When people don’t like their jobs, or feel stressed at them, they’re also not predisposed to volunteer in the community, give blood, or participate in food drives organized through their employer (if, indeed, their employer still organizes food or blood drives or community activities).

“If they don’t like their employer, it’s not going to be a path to engagement,” he said.

I think the key issue here is the quality of work and the degree to which the employer empowers its workers (or they organize against the company). The sheer number of hours of work is less important.

In Bowling Alone (2000, p. 202) Robert Putnam argued that working more did indeed reduce hours spent on civic activities–but not by much. He estimated that rising economic pressures and the voluntary entry of women into the workforce had accounted for “less than one tenth of the total decline” of civic engagement that he found from 1970-2000.

Of course, Bowling Alone measured unpaid, after-hours work. If we’re fortunate, our paid work can serve public and democratic purposes, even if our employer is a for-profit corporation.

Besides, employment can raise civic and political engagement outside of work. We can be recruited at work and can find peers with similar needs and concerns. Skills that we acquire at work may translate into the civic and political domains. And just getting out of the house can give a person momentum. An old maxim says that if you want something done, you should ask a busy person. That could be because some people are just energetic and effective (a psychological explanation), or because busy people obtain networks and resources that make action rewarding and effective.

One would think that attending college while working substantial hours per week would force individuals out of civic life. However, in “The Political Participation of College Students, Working Students and Working Youth” (CIRCLE Working Paper 37, 2005), Sharon E. Jarvis, Lisa Montoya & Emily Mulvoy find that “student workers report higher levels of political interest, political skills, political mobilization and political participation than their college student and working youth peers.”
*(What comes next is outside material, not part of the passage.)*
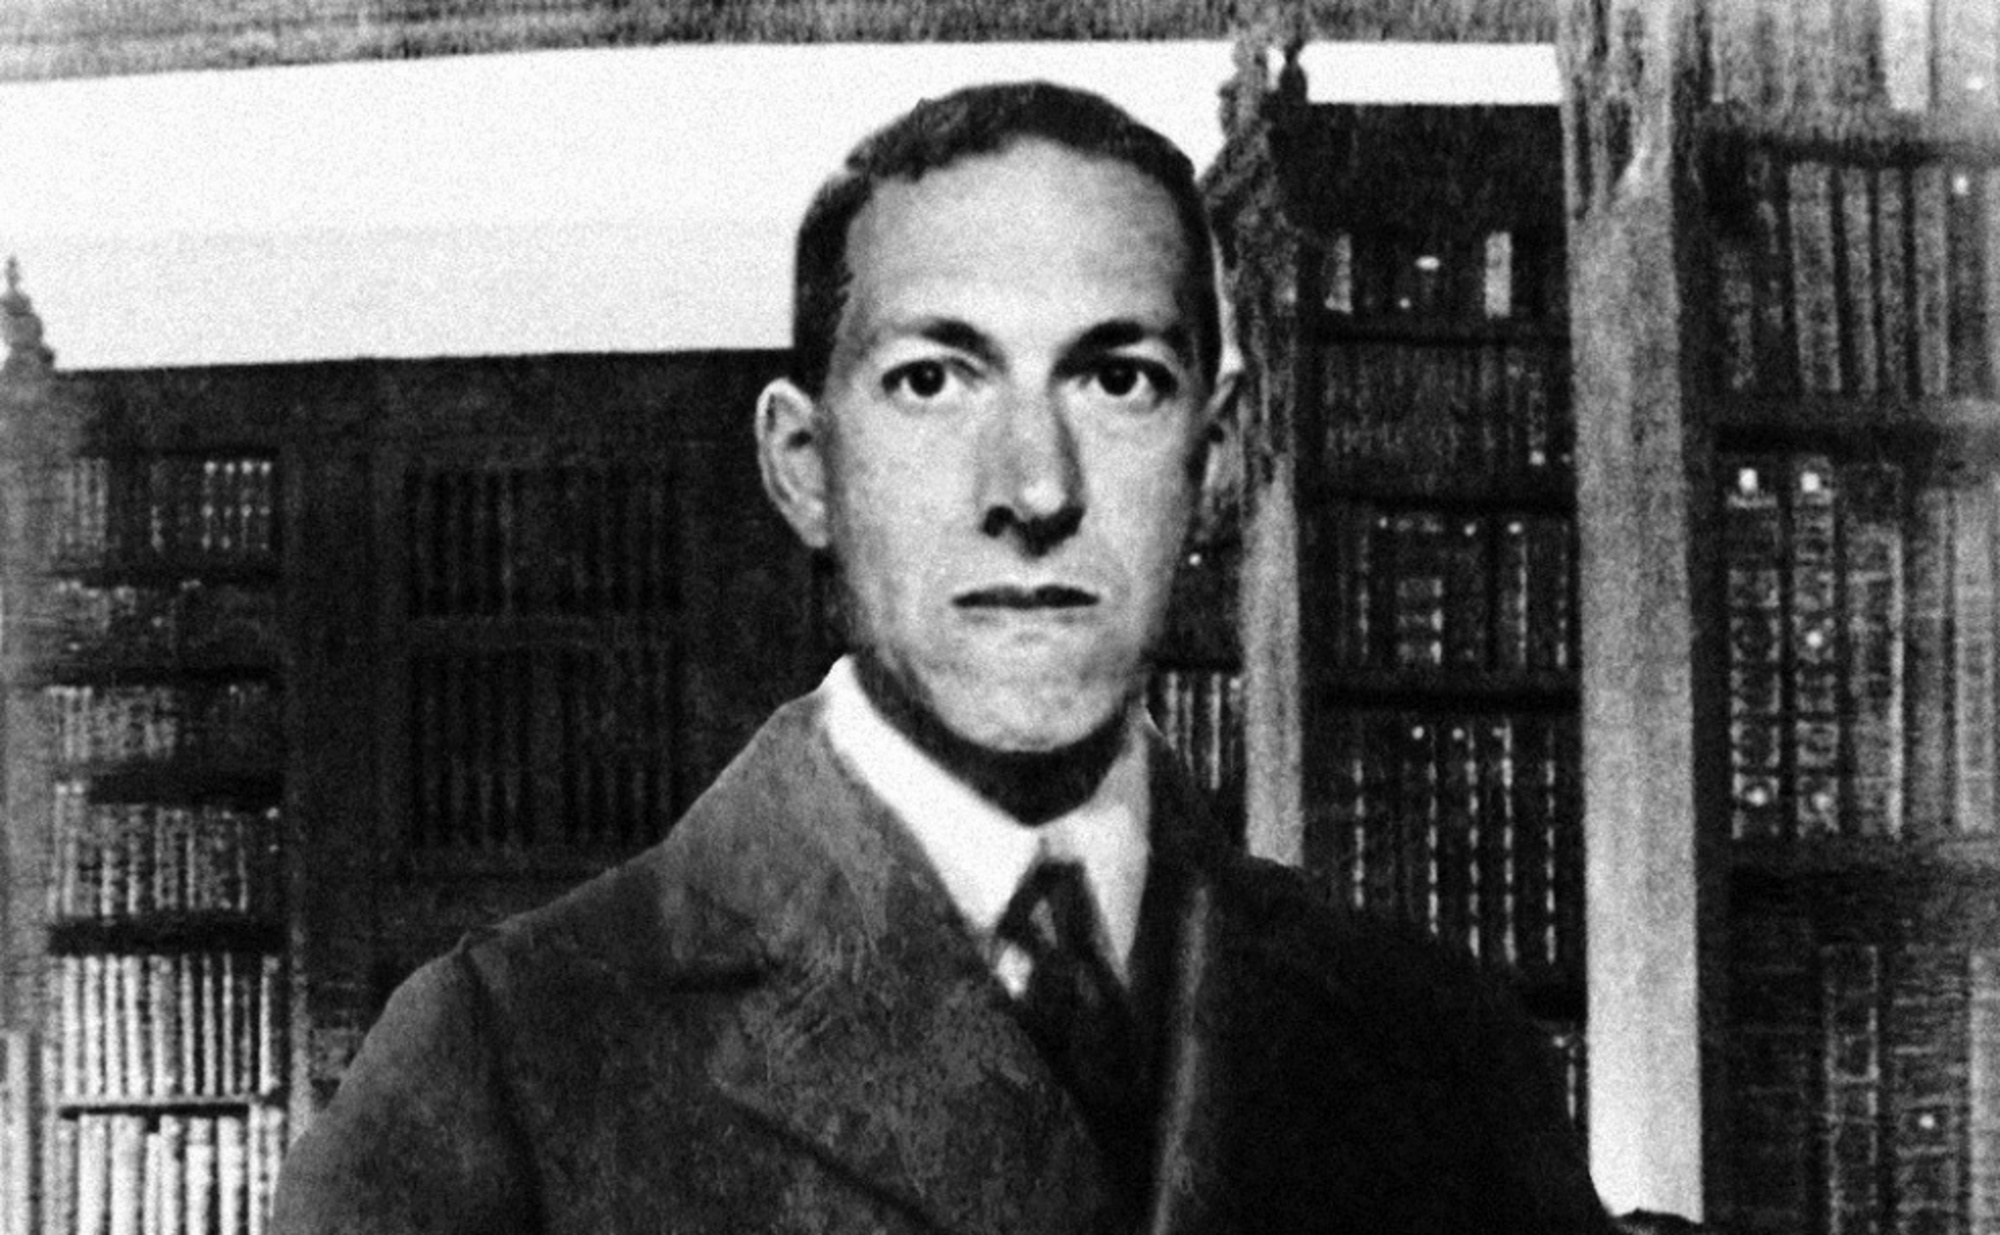 “Lovecraft aprì l’orrore alla dimensione cosmica”: Gianfranco de Turris dialoga con Matteo Fais sugli scritti teorici del genio di Providence

Having said all that, I think Semuels is onto an important story about the suppressive effects of work today. It’s not so much the longer hours as the lack of workers’ organizations, the fragmentation of the workforce, the weakening civic mission of many firms and organizations, and the atmosphere of surveillance that likely reduces civic and political participation.
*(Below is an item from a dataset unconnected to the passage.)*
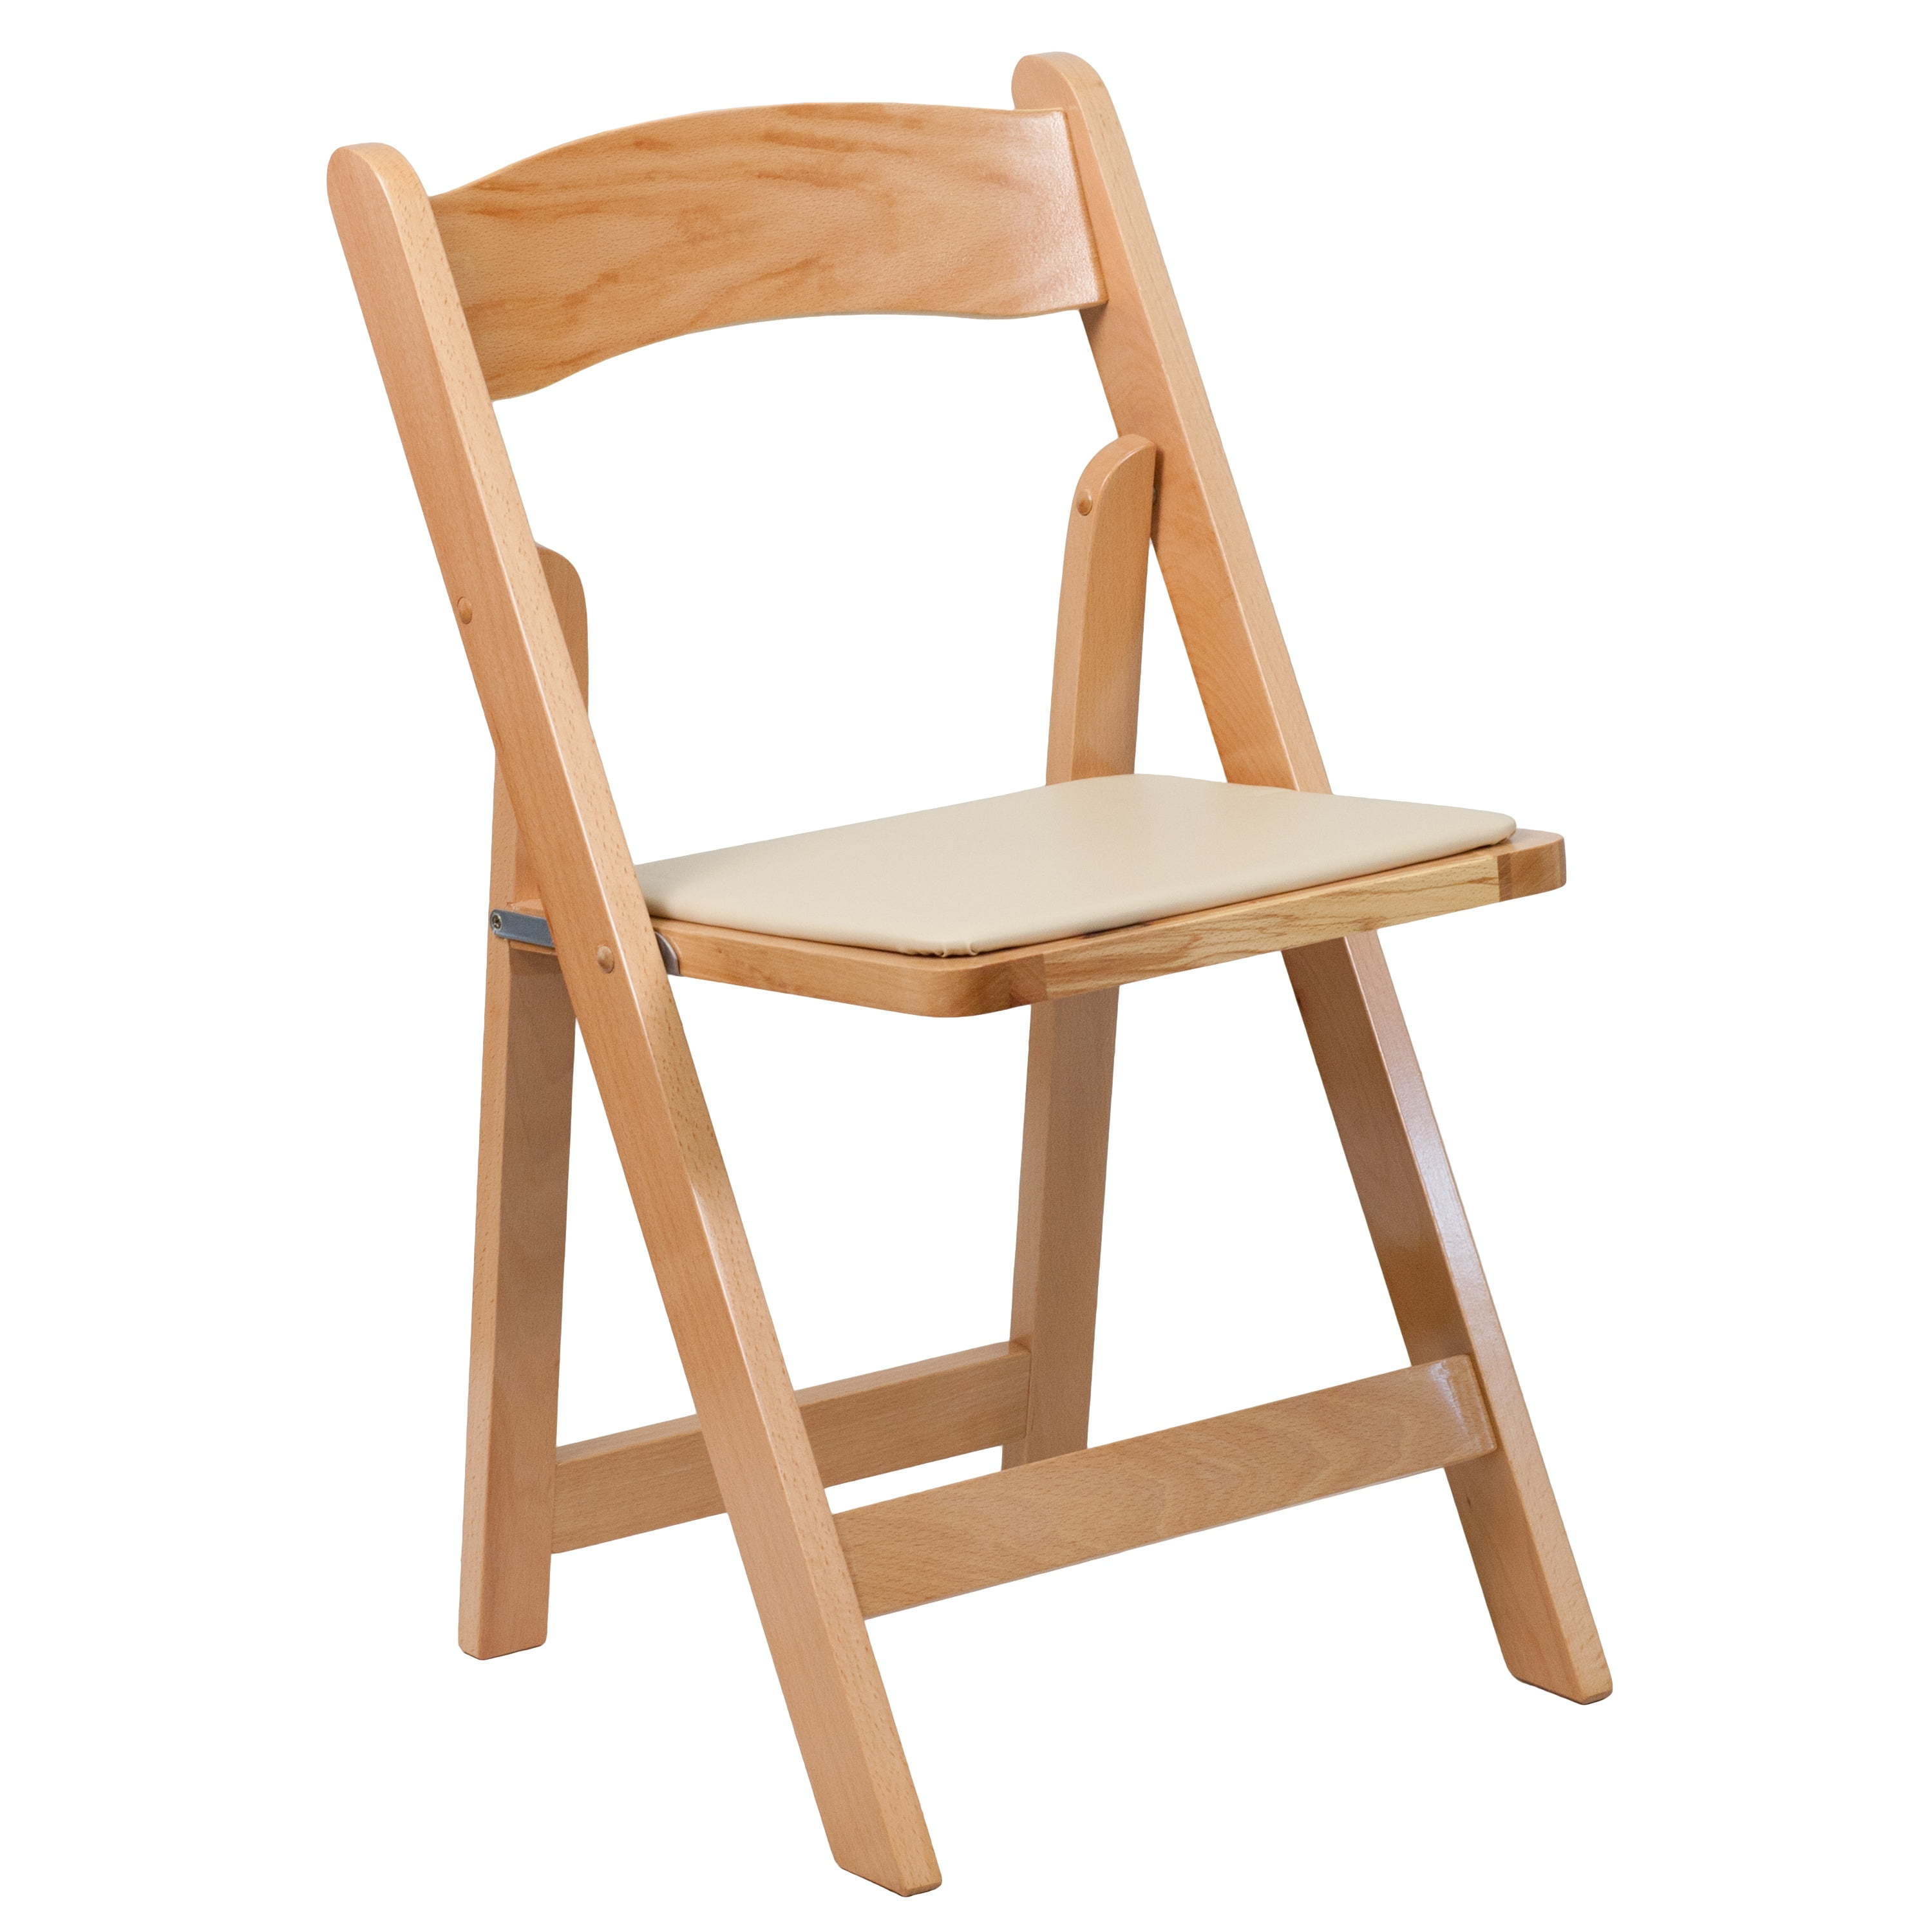 Недорогие складные стулья. Складные деревянные стулья. Складные стулья со спинкой деревянные. Складной стул дерево. Стул раскладной деревянный.

Semuels writes, “Civic engagement has been proved to help people flourish, Levine said. They develop skills that help them at work, they’re less depressed and they live longer, he said.” Work that involves public problem-solving can therefore be good for the worker as well as the society. When work lacks a public dimension, unpaid civic engagement can be a partial antidote, giving the worker a sense of purpose and value (and also imparting skills and network ties that can lead to better careers). But if a job suppresses civic participation outside of work, then the negative psychological impact may compound. It will then be even harder for a person to get engaged in order to improve her community, her work environment, and her personal well-being.